Liqian Ren, Ph.D., and director of modern alpha for WisdomTree, spoke with Dr. Peter Luo, Ph.D., co-founder and CEO of Adagene, regarding developments in the pharmaceutical industry and business practices abroad in the most recent China of Tomorrow podcast from WisdomTree.
Adagene is a biotech company developing new cancer antibody treatments through the use of its AI technology platform. It is headquartered an hour outside of Shanghai by high-speed rail as well as having a U.S. headquarters and businesses in Singapore and Australia. Adagene utilizes algorithms and the AI portion of its business to help develop better antibodies on a faster timeline than would otherwise be possible, explained Dr. Luo.
“With that kind of technology platform, this has a very good scalability, therefore it allows us to leverage a lot of scaled operations: for example, using our technology, we were able to develop one of the largest physical antibody libraries designed by AI power,” Dr. Luo said.
The library allows for better discovery of new antibodies through large-scale screenings that are used to detect things such as breast cancer. At a time when R&D has been on the decline for pharmaceutical companies in general, Adagene has been working to expand. The supportive ecosystem in China has allowed the company to flourish, much like the WuXi Apptec, a major pharmaceutical and medical device company based in China but with operations globally.

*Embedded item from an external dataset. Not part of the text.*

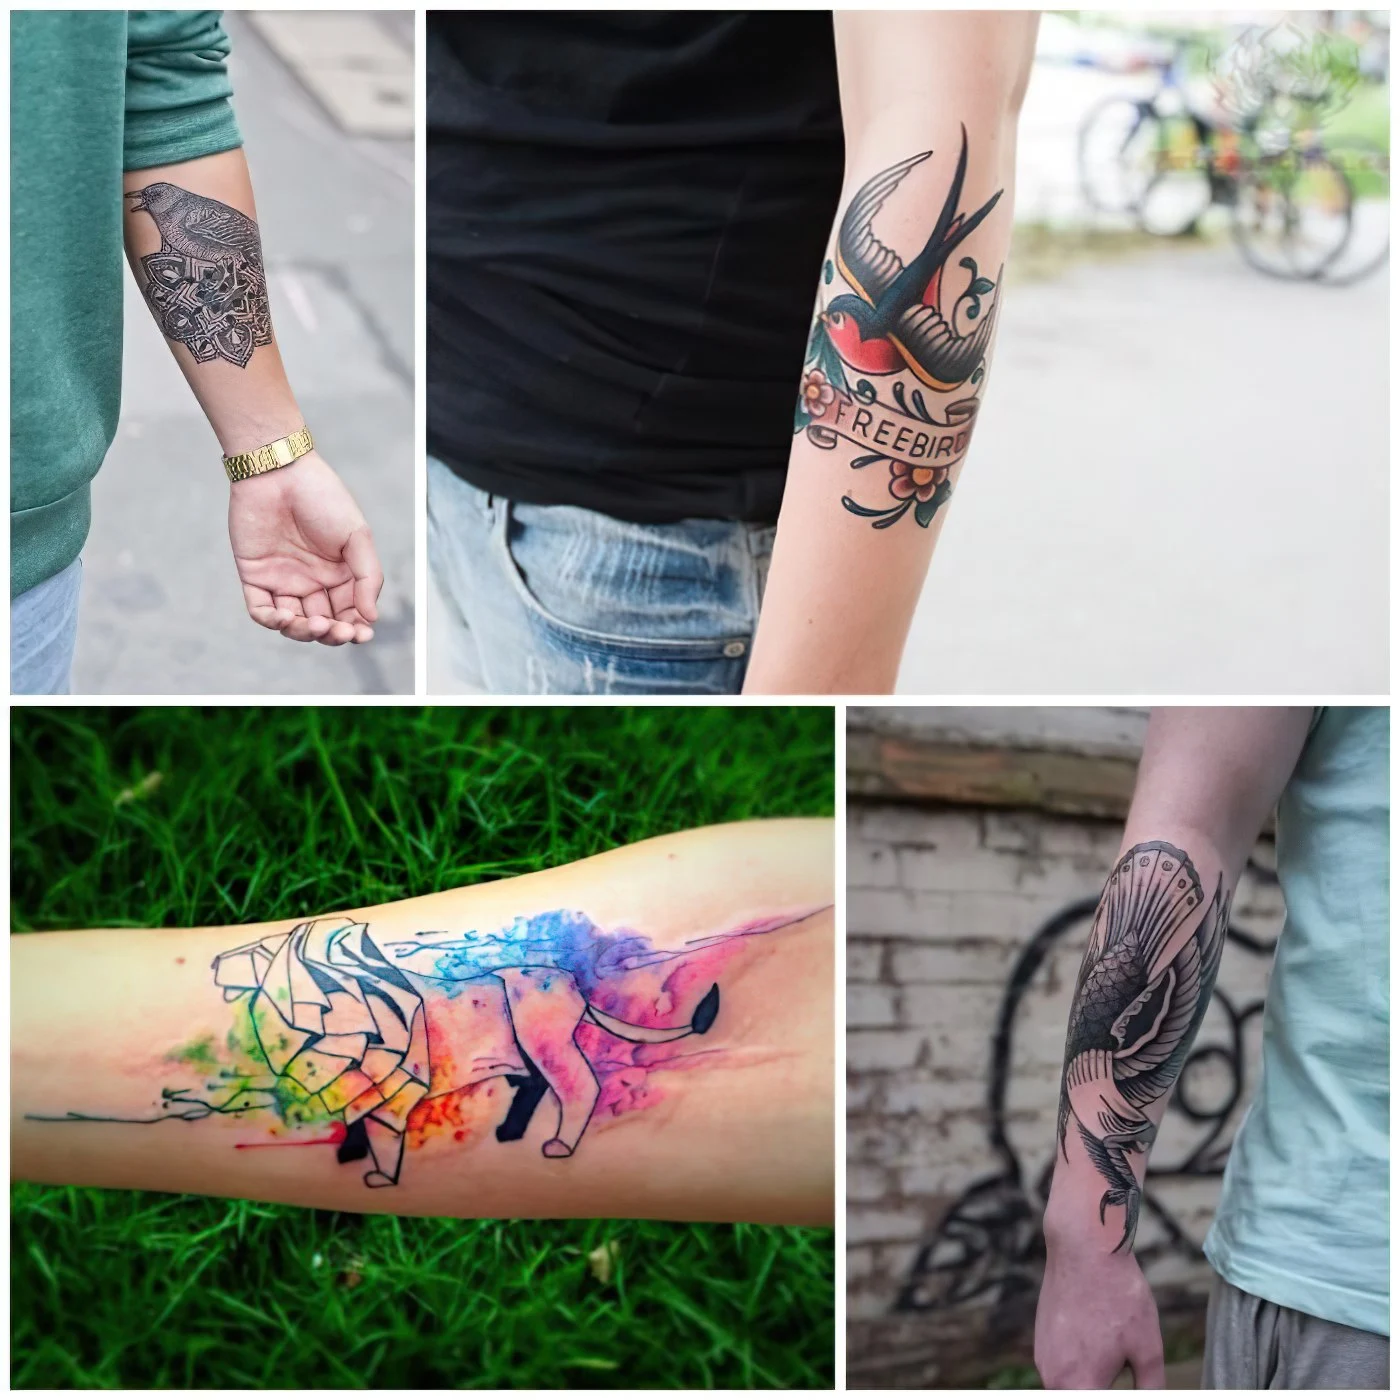 wasserfarben tattoo mit löwen-motiv, vogel tattoos

The onset of the COVID-19 pandemic highlighted the importance of productivity infrastructures within the biotech sector. Vaccines and new developments to combat variants are only as good as the ability to produce at scale. Adagene’s platform has made major developments within cancer antibody identification and development possible in a faster, more efficient, and scalable way than had previously been possible, a trend that has been seen across biotech with the importance and role of technology platforms coming to the fore since the onset of the pandemic.
Adagene is a global company that works in collaboration with other major pharmaceutical companies around the world. Dr. Luo discussed the considerations that go into such collaborations, such as the importance of the power of the platform and the role of data.
“Working with them, you really have to assess the science. Do you really have the right science and the global innovation to make your platform so attractive to them, to allow them to do something that otherwise is so difficult to do?” Dr. Luo explained.
How Chinese Companies View U.S. Delisting Risk
The discussion closes with how Chinese companies are approaching the risk of being delisted from U.S. markets as China and the U.S. regulatory agencies try and find a way forward that makes both sides happy. Largely, this has entailed the Chinese companies ensuring that they have a primary or secondary listing in Hong Kong if they do not already. Ren explained that 95% of the companies within WisdomTree’s Ex-State-Owned Index already have a secondary Hong Kong listing.
“If you look at the SEC rules and audits, they do have the rules and it strictly depends on your operational cost analysis,” which every company has to weigh, explained Dr. Luo. For Adagene, despite being a small-cap company, it has headquarters in the U.S. and runs trials globally, with supportive governments in Singapore in particular, and as a company it seeks to leverage the features that make it attractive.
“We have a very strong Chinese heritage but we also have a very global view and because we know the new innovations and we appreciate the U.S. market and the PIs (principal investigator) there, so that’s why we have this trial starting from the U.S./Austrialia, because the PIs really appreciate those kind of innovations,” Dr. Luo said.
Adagene and other companies like it have been partnering with investment bankers to help build out a financial plan for the long-term but relisting requirements in Hong Kong are fairly easy to meet. For many Chinese companies, while the risk is there, it is very low from their perspective in long-term impacts.
The WisdomTree China ex-State-Owned Enterprise Fund (CXSE) primarily trades in Hong Kong shares to reduce delisting risk for investors.